Q: "Tell me about a time you worked under pressure."
Strong STAR answer
"In my last role, our CTO left suddenly three weeks before a major platform migration. I was the most senior engineer available and the timeline was fixed because of contractual obligations. I immediately broke the project into daily milestones so we could see exactly where we were each morning, brought in two contractors for the most time-consuming elements, and ran daily standups to catch blockers fast. We hit the deadline by two days, which sounds like barely surviving — but given where we started with a third of the technical leadership gone, I was genuinely proud of what the team did.
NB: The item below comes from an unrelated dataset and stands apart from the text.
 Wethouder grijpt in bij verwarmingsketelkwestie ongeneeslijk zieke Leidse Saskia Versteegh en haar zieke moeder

I also learned that I perform better under pressure when I can make the ambiguity visible — a daily milestone board is now something I use on every significant project."
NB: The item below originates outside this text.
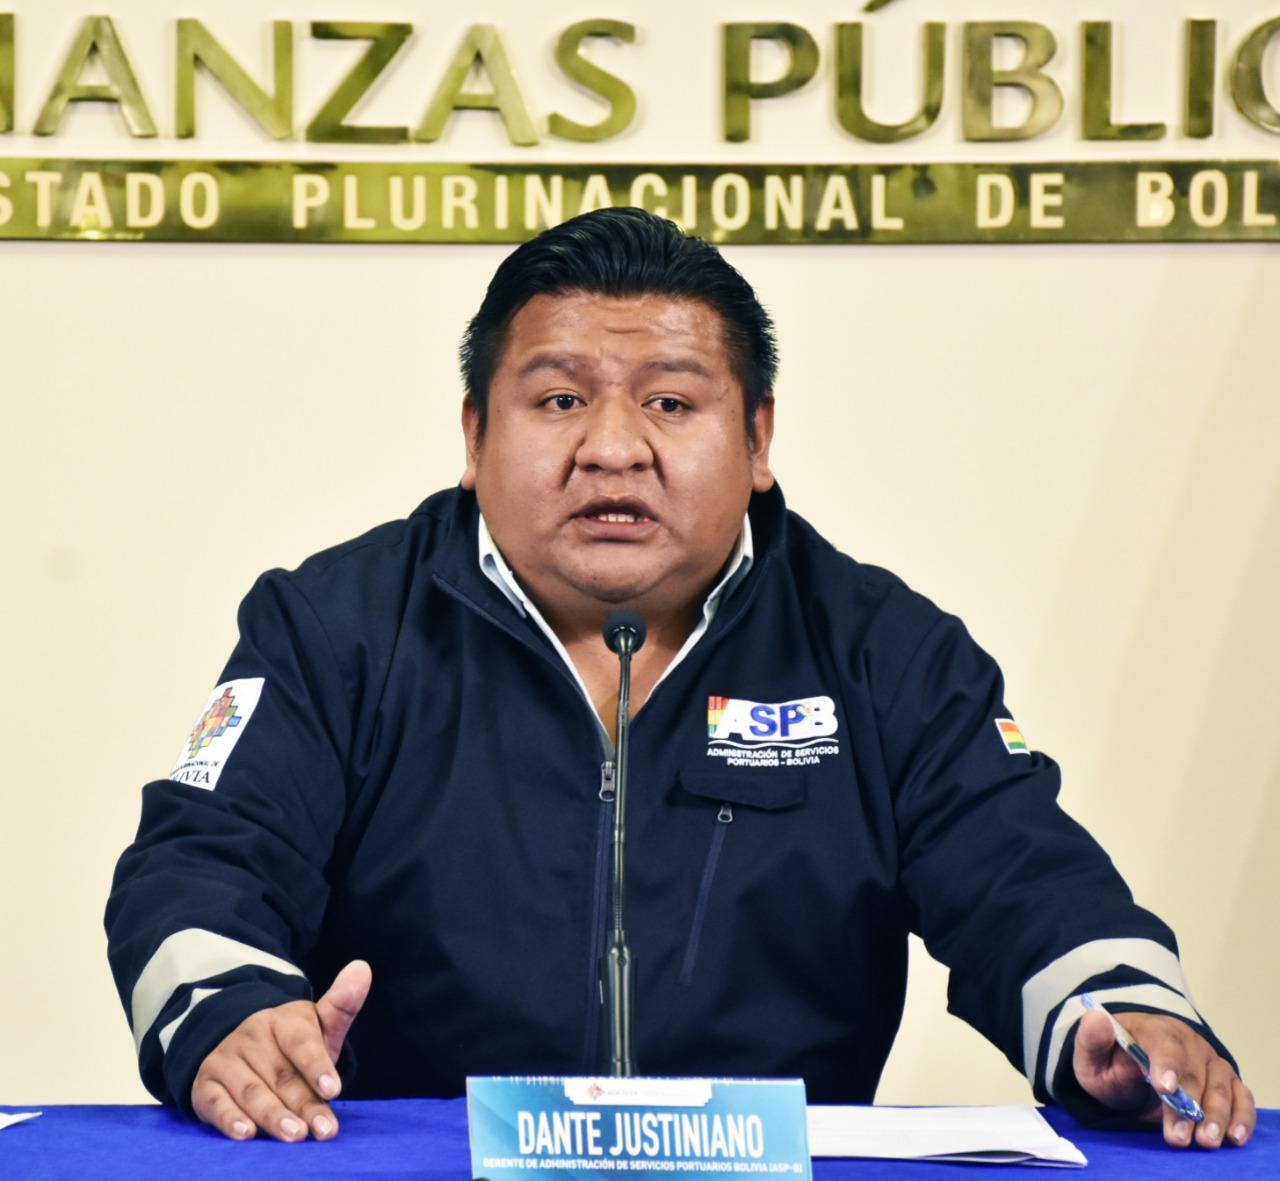 ASP-B plantea a chilena EPA extensión del plazo para definir un nuevo acuerdo sobre tarifas portuarias de Arica

Q: "Tell me about a time you showed initiative."
Strong STAR answer
"I was doing customer support at my previous company and I kept getting the same three questions in different forms every week. None of them were in the FAQ — they were about edge cases in our billing system. Rather than just answering them one by one forever, I wrote up a short internal doc explaining the logic behind the billing rules, shared it with the team, and proposed we add a condensed version to the help centre. My manager approved it in a day. Support tickets for those three categories dropped by around 60% over the next month. It took me maybe two hours of effort. I mention it not because it was a huge project but because it's the kind of thing I find myself doing regularly — I'm uncomfortable with persistent friction that has an easy fix."
Q: "Tell me about a time you influenced without authority."
Strong STAR answer
"I wanted our engineering team to adopt a code review standard that the team had resisted before. Rather than lobbying my manager, I ran a small experiment: I spent two sprints doing thorough code reviews on my own PRs with detailed comments, and then at the next retrospective I showed the data — the features reviewed that way had a 70% lower bug rate in the following month. People respond to evidence more than to proposals, and once the pattern was visible, the team voted to formalise the practice. I wasn't the most senior person in that room by any stretch. But the data did the convincing."
One More Thing: The Follow-Through
The Result section is where most people get vague. "It went well" is not a result. "The project landed" is not a result. Push yourself to answer: What measurably changed? What did you learn that you've applied since? What would you do differently?
Interviewers ask behavioral questions because they believe past behaviour predicts future behaviour. The follow-through — what you learned and how you changed — is the part that signals growth and self-awareness. Don't skip it.